South Korean scientists created a special low-calorie and vitamin-rich version of kimchi for Yi.

===Return flight===
At the end of the mission, Yi returned to Earth along with ISS crew members Peggy Whitson and Yuri Malenchenko aboard Soyuz TMA-11, on April 19, 2008. Due to a malfunction with the Soyuz, the craft followed a ballistic re-entry which subjected the crew to severe gravitational forces up to 10 times the amount experienced on Earth. As a result of the re-entry, the TMA-11 craft used in the return flight landed 260 mi off-course from its target in Kazakhstan. All three survived, although they required medical observation upon landing. Yi was hospitalized after her return to Korea due to severe back pains.

===Post-flight===
Post space flight, Yi worked as a researcher at KARI and as Korea's space ambassador with Ko San. She received income from subsequent TV commercials. On October 4, 2008, Yi launched the International Institute of Space Commerce at a ceremony held in Douglas, Isle of Man.

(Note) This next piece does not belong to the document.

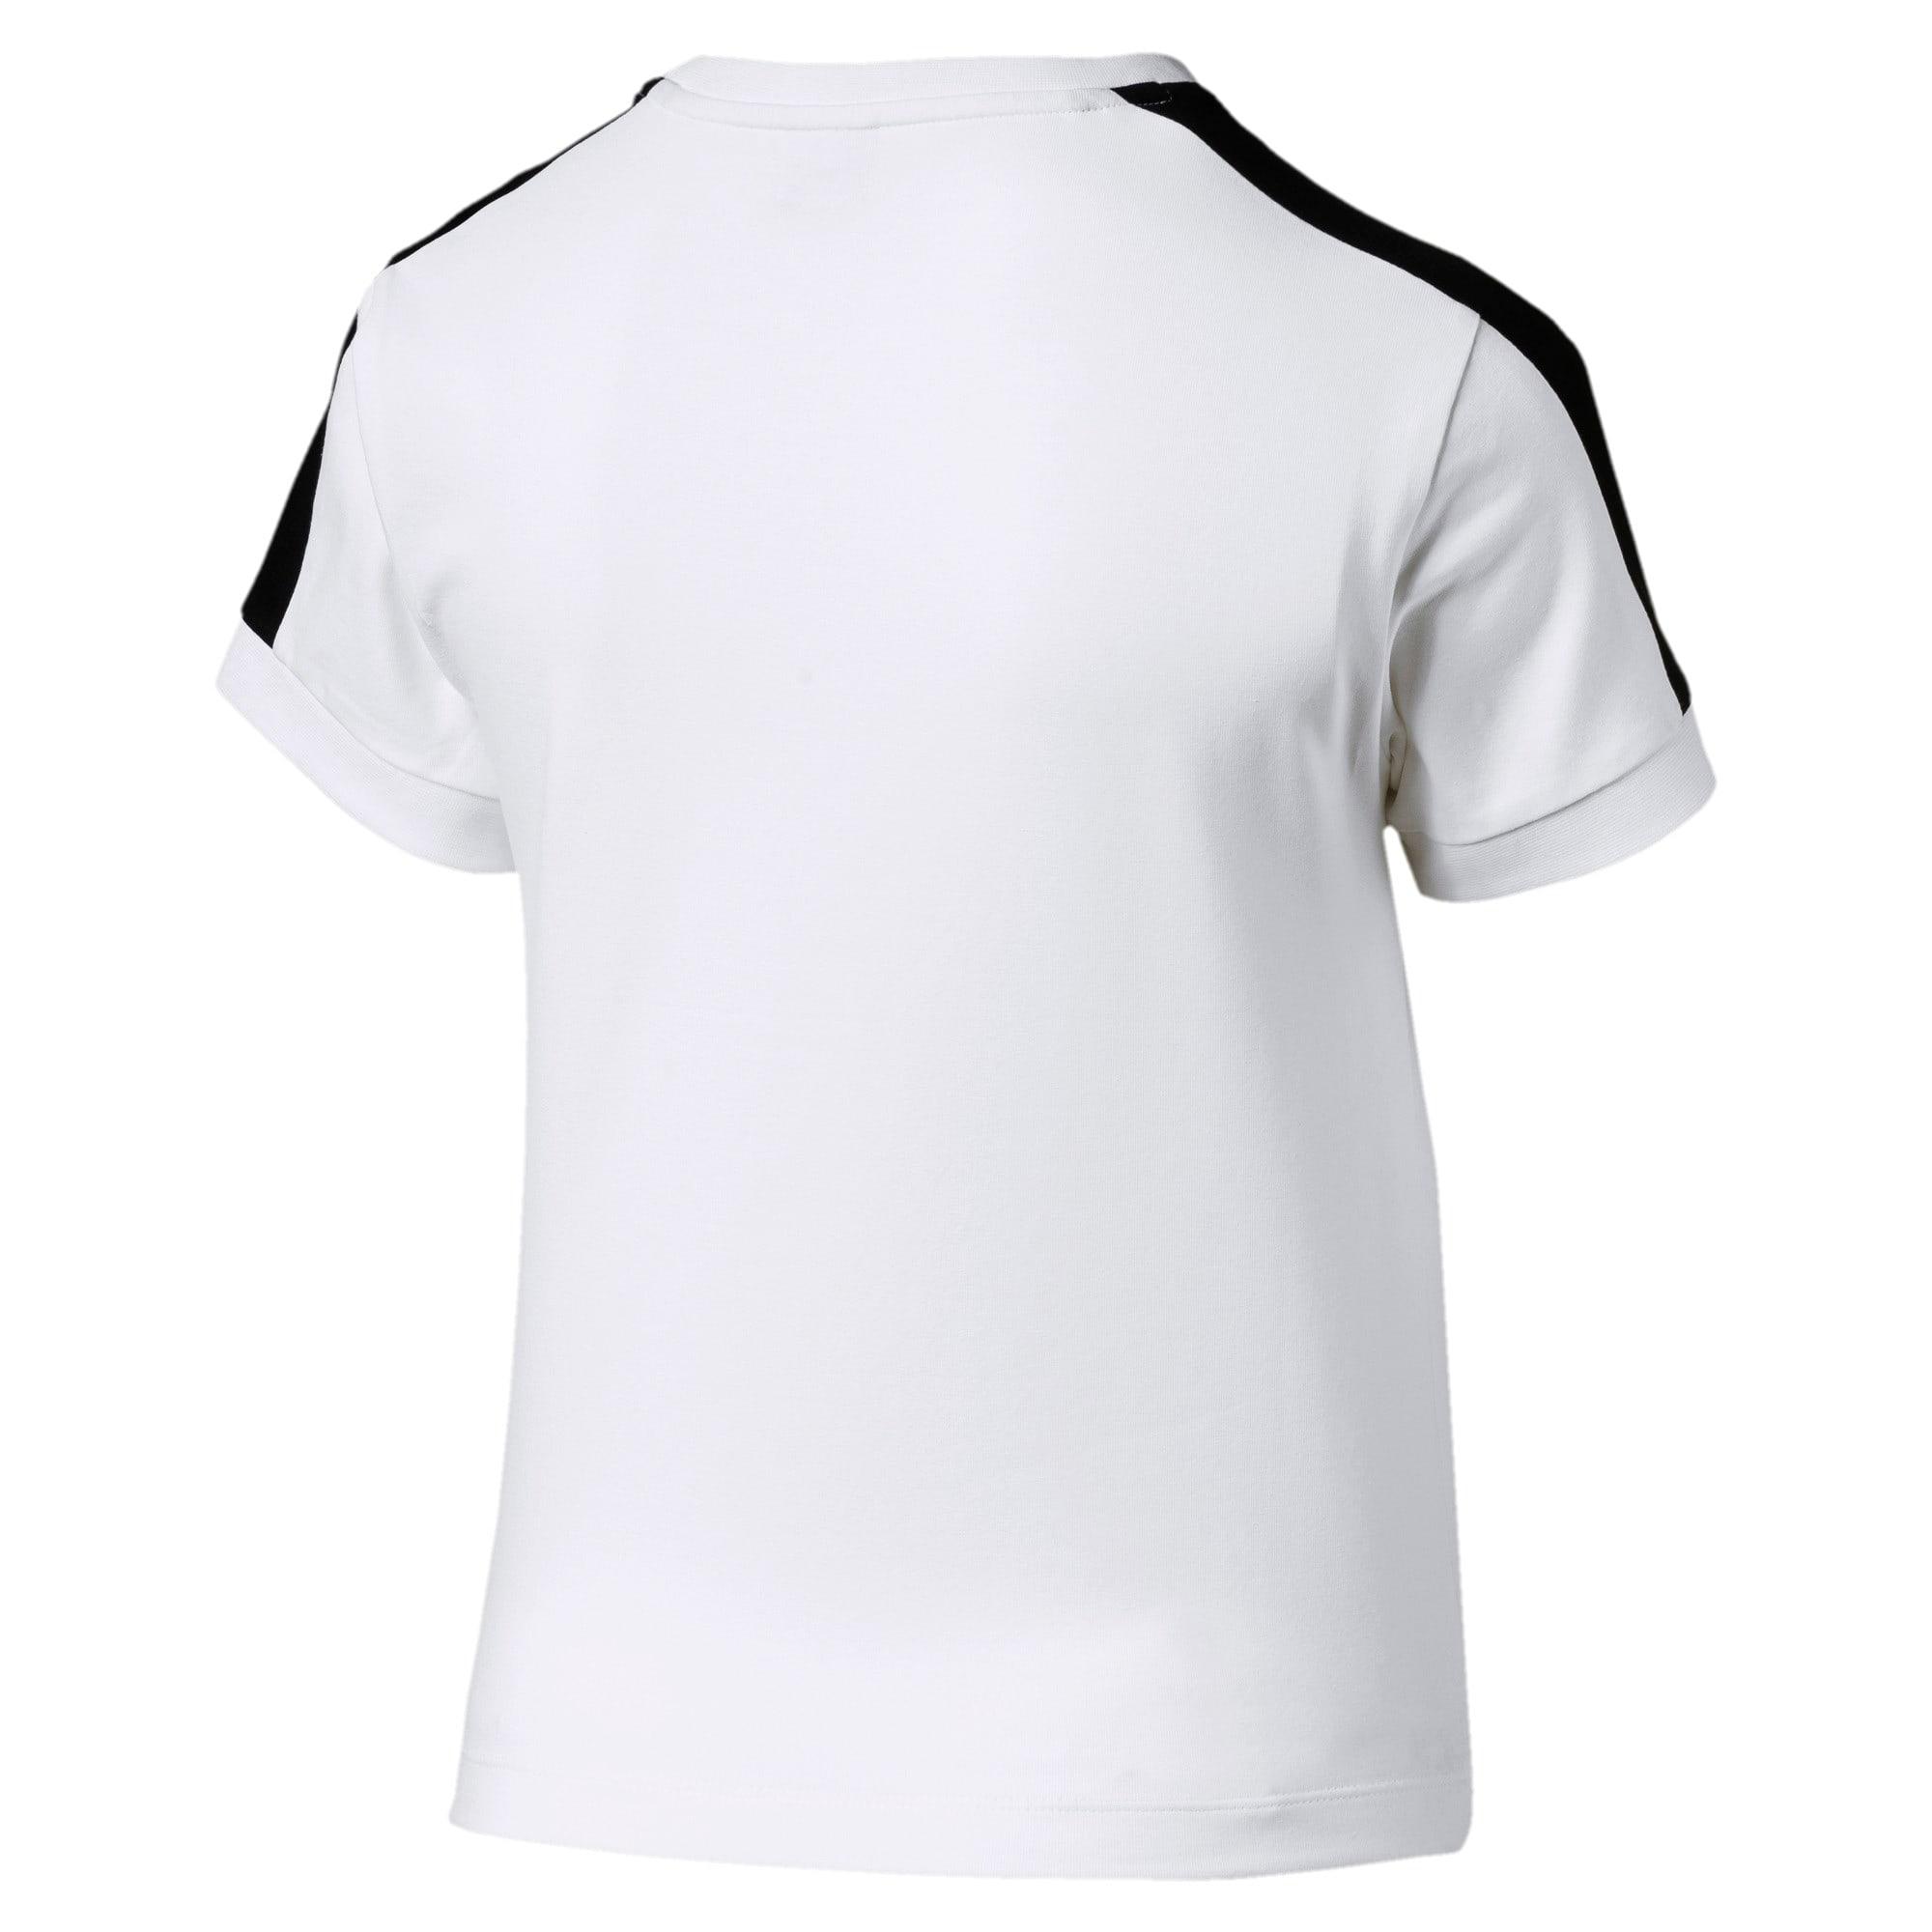 Thumbnail 4 of CLASSICS タイト ウィメンズ SS Tシャツ 半袖, Puma White-black, medium-JPN

In 2009, Yi became the first astronaut to attend the International Space University (ISU) Space Studies Program (SSP) at NASA Ames Research Center, held in conjunction with the inaugural class of the Singularity University (SU) Graduate Studies Program (GSP).

Based on her early career success, Yi was listed as one of the Fifteen Asian Scientists To Watch by Asian Scientist Magazine in May 2011.

== Career after flight ==
On August 13, 2014, the Korean Aerospace Research Institute announced Yi's resignation for personal reasons. In an interview, she said she resigned to study for an MBA.

After receiving her MBA from the University of California, Berkeley Haas School of Business, Yi joined the Association of Spaceflight Professionals. She has lived in Washington state, United States and taught physics at the Everett Community College in Washington, United States since 2016. She has also lectured at the University of Washington. In 2021, she was selected as a Karman Project Fellow for her work in space.